We have had to wheedle and beg for the right to determine who comes to live and work here, and who we can welcome as asylum seekers from the world’s trouble spots.

It seems to me there are some clearcut choices here. We can continue along the current road of trying to appease the UK Government in the hope that it will ­finally look favourably on another test of the will for self determination.

Or we can use the new referendum bill when enacted to say, OK guys, here’s what we’d going to do. You don’t like it? See you in court.

Because what might have once been seen as self defeating bravado now looks like a somewhat overdue attempt at ­unshackling ourselves from a frankly ­dangerous outfit at Westminster.

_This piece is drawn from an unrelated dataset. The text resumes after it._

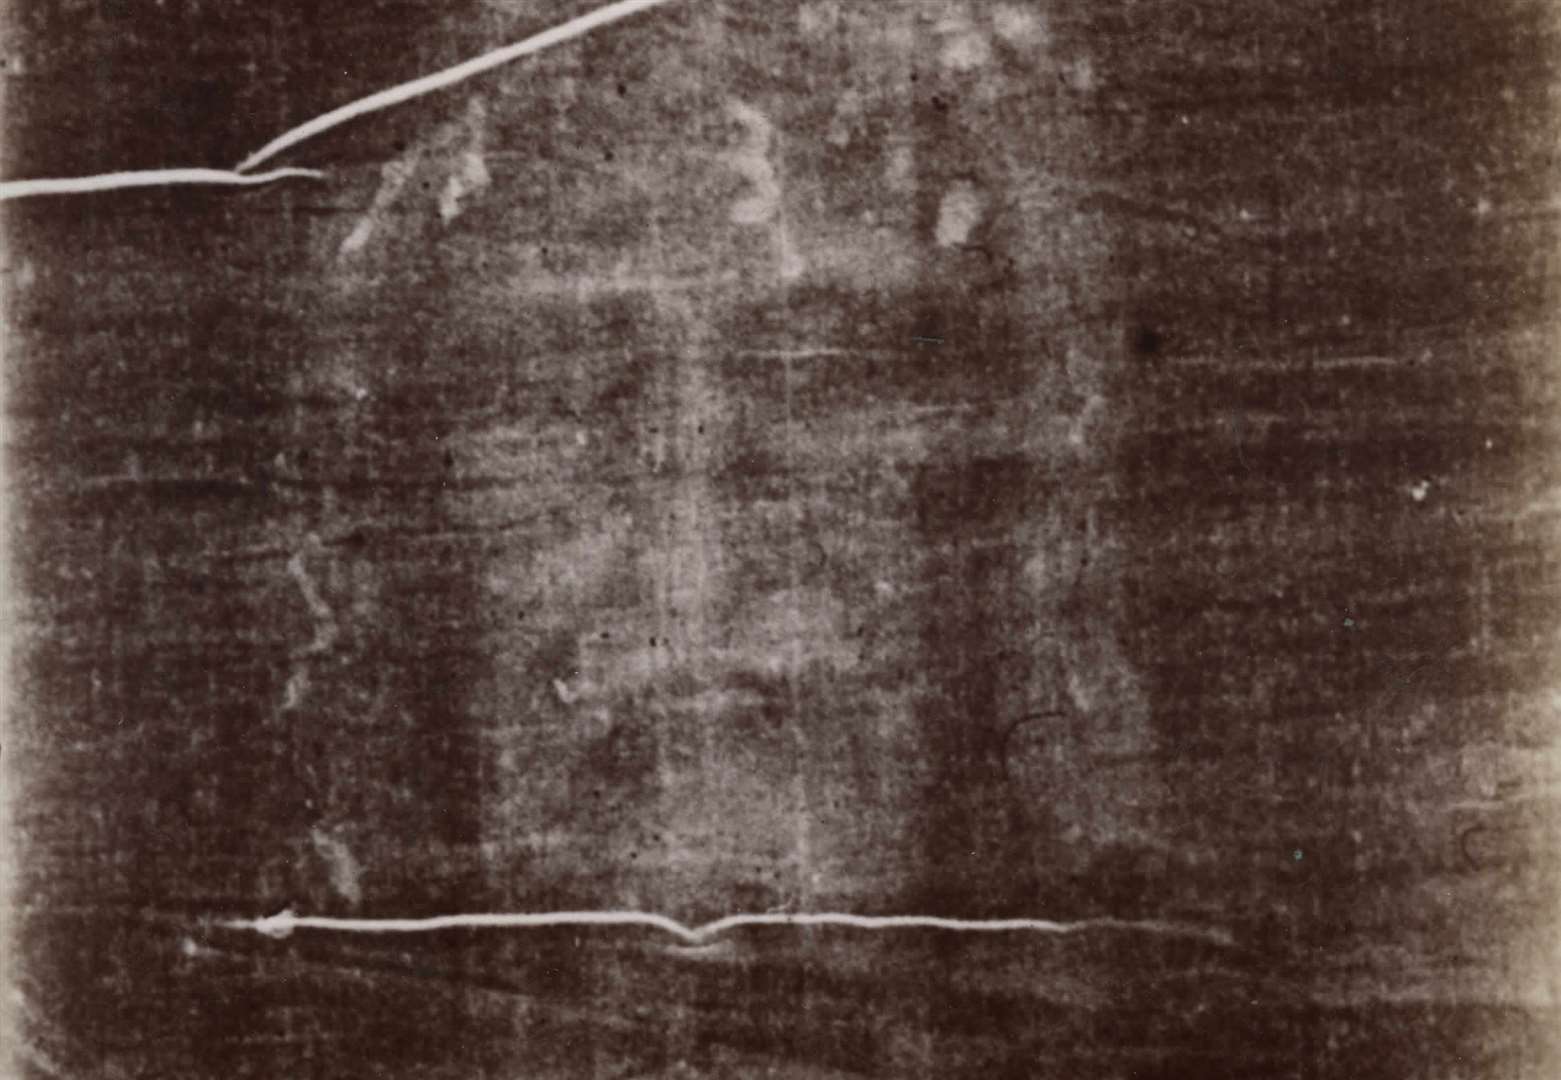 The Turin Shroud - perhaps the most famous of all relics from the Middles Ages...or, at least, so it seems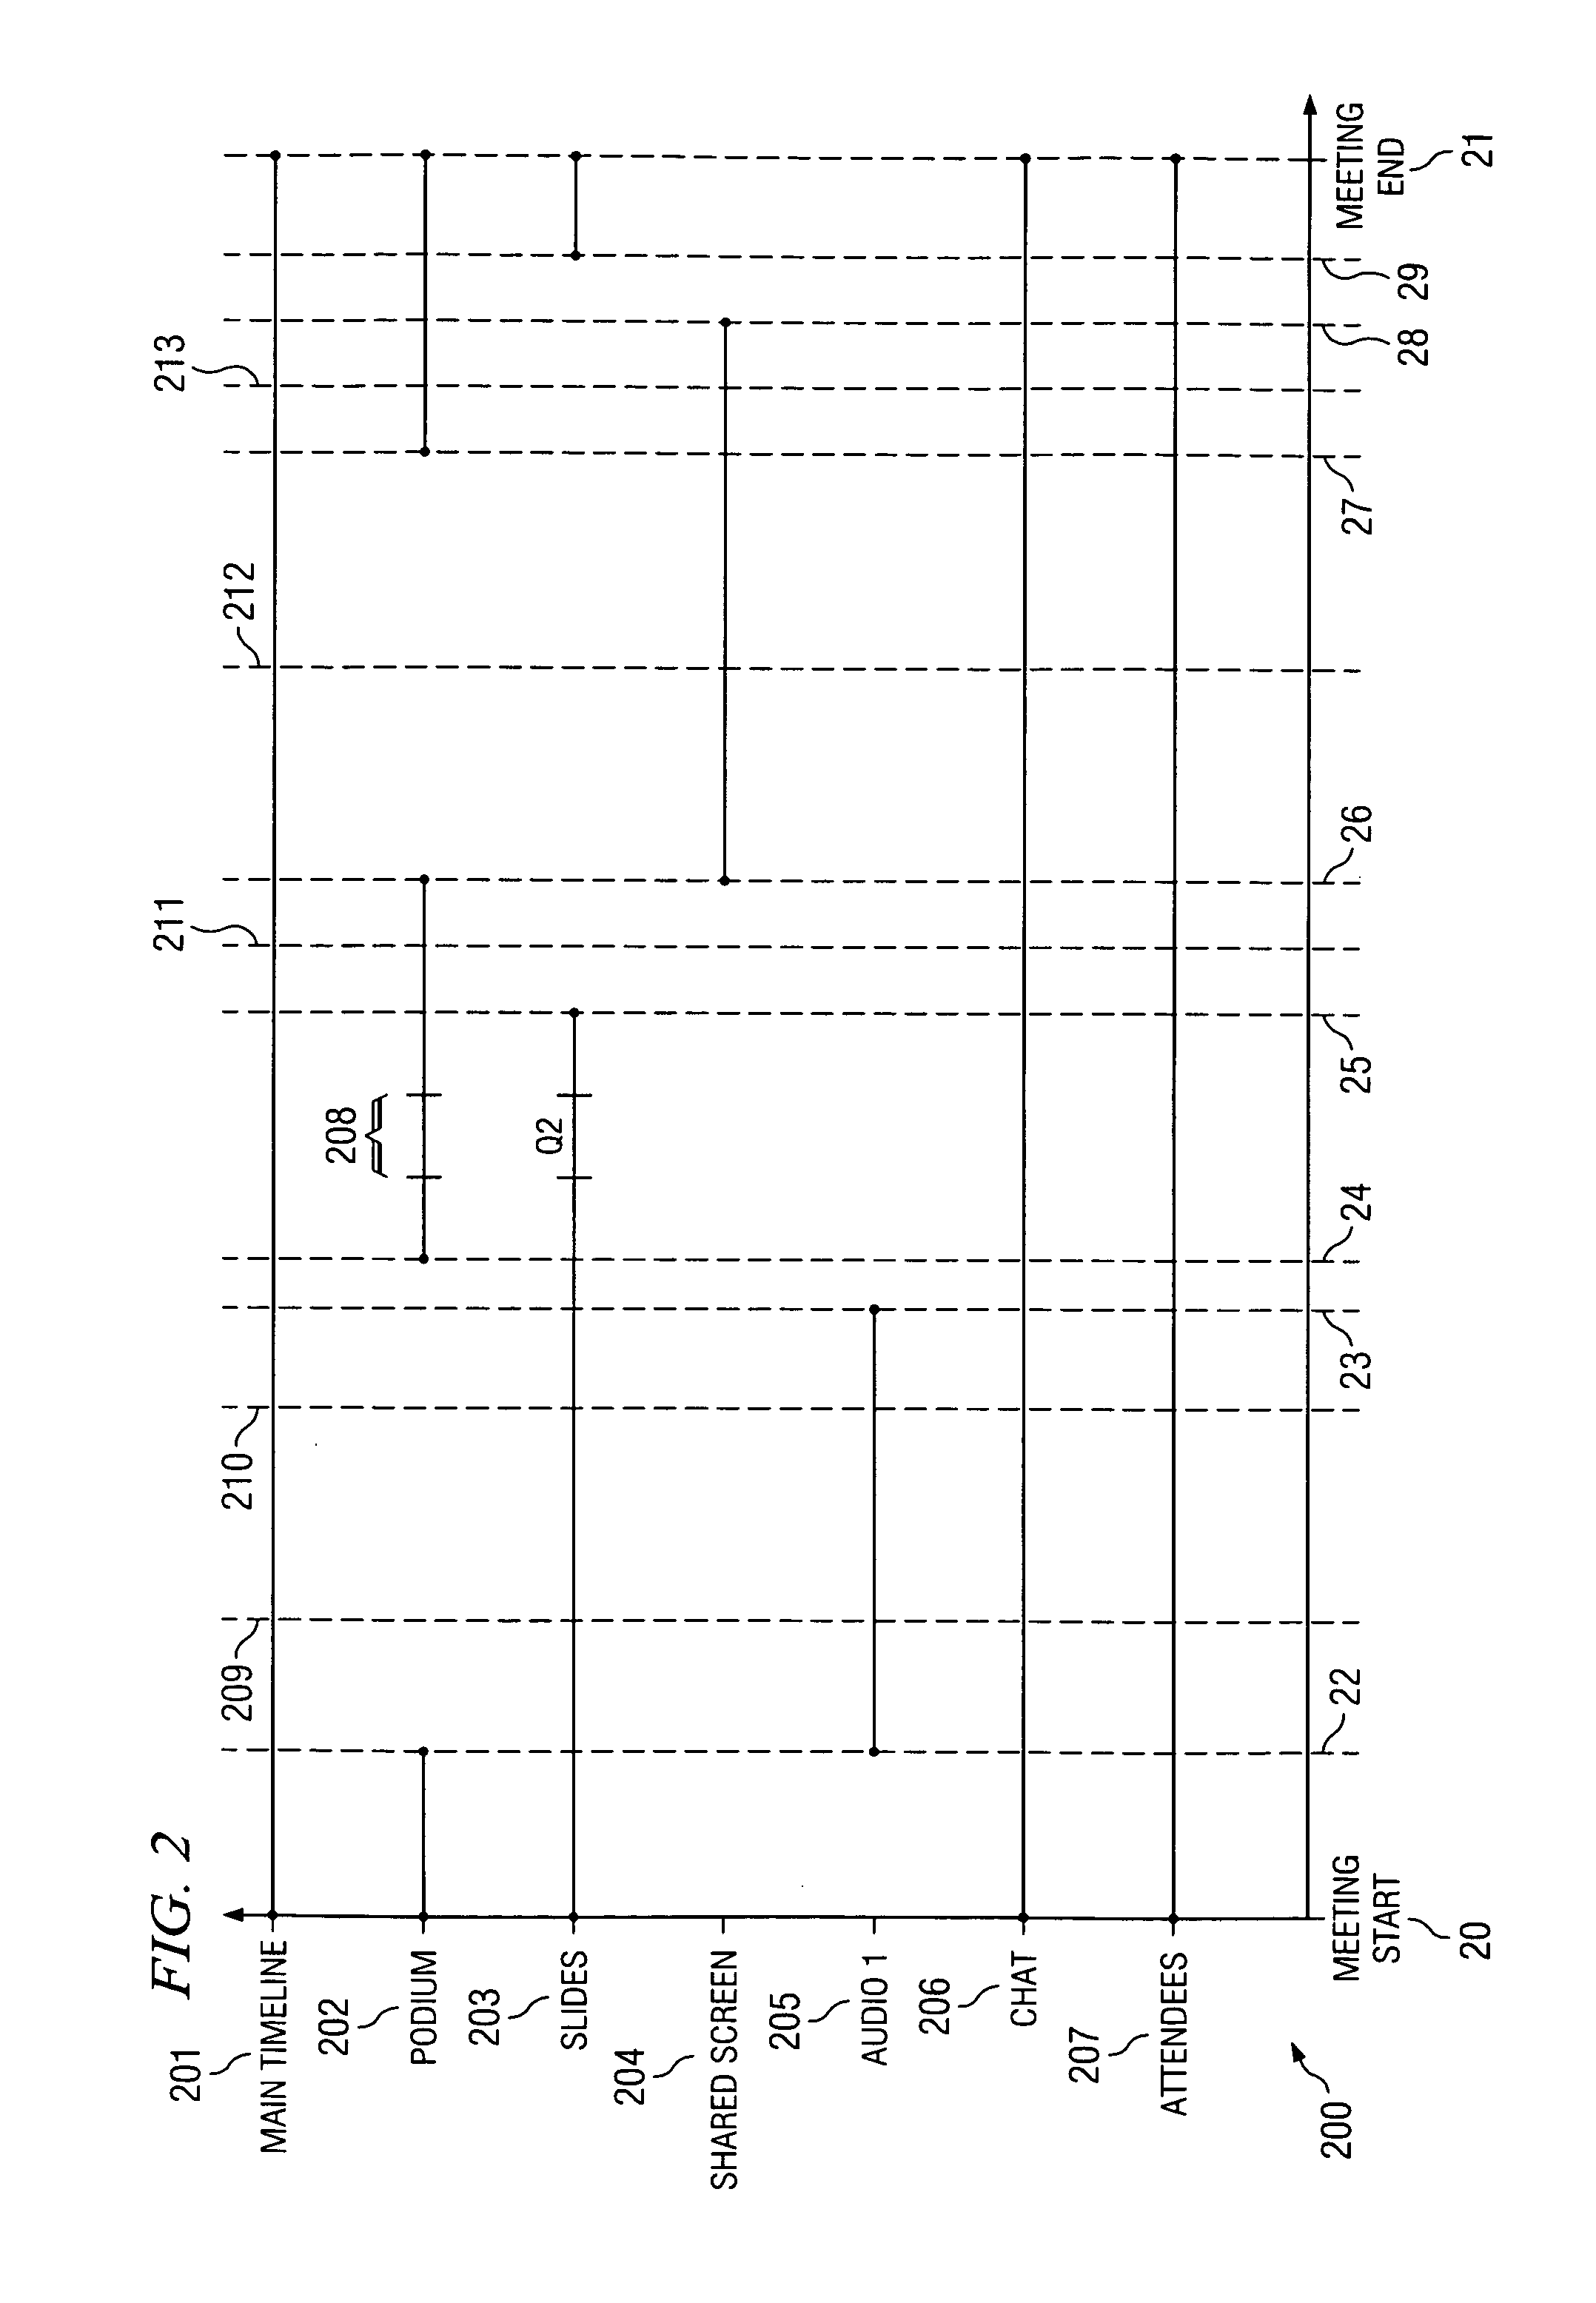 System and method for archiving collaborative electronic meetings

Let’s be honest about this. They ­continually treat us with utter contempt. Periodically they dangle a little bit of bait like telling us they’ll graciously accede to referendum demands if it is our “settled will”. And guess who gets to decide when that will of ours is settled?

Yet when you look at who is “in charge” down there you have the best set of ­arguments for going it alone we’ve seen this century. A Prime Minister whom even, perhaps especially, his colleagues know is hopelessly ill suited for the top job. Lazy, duplicitous, shambolic – and that’s just the Tory verdict.

We have a Foreign Secretary who ­currently disgraces that office, and the bar was not high given that Boris Johnson was a predecessor. Not even to mention an English education secretary whom ­colleagues suspect remains in post to make the rest of the cabinet seem less dim.

All that would be bad enough; tragic enough. Yet on top of the sheer incompetence and indolence we have been witness to serial acts of corruption performed in plain sight. It is no accident that procrastination allied to contracts for chums led us to tens of thousands of premature deaths and inadequate protection for those who fought and strove to save them. Many of whom, in turn, lost their own lives.

Various minister have been found to have broken either the law or the ­ministerial code or both, yet such is the shameless nature of this ­administration that hardly a single resignation has ­resulted. And when one belatedly did it was because the cabinet secretary ­involved had been taking lessons in ­marital fidelity from his boss.

In other partnership news, there are now more contemporary grounds for ­divorce. Those wishing to break free from a damaging long term relationship can now cite coercive control.

So, Scotland, are we up for years more of coercive, controlling behaviour from people singularly without shame or clue as they drag the UK’s name through the mud, and ours with it?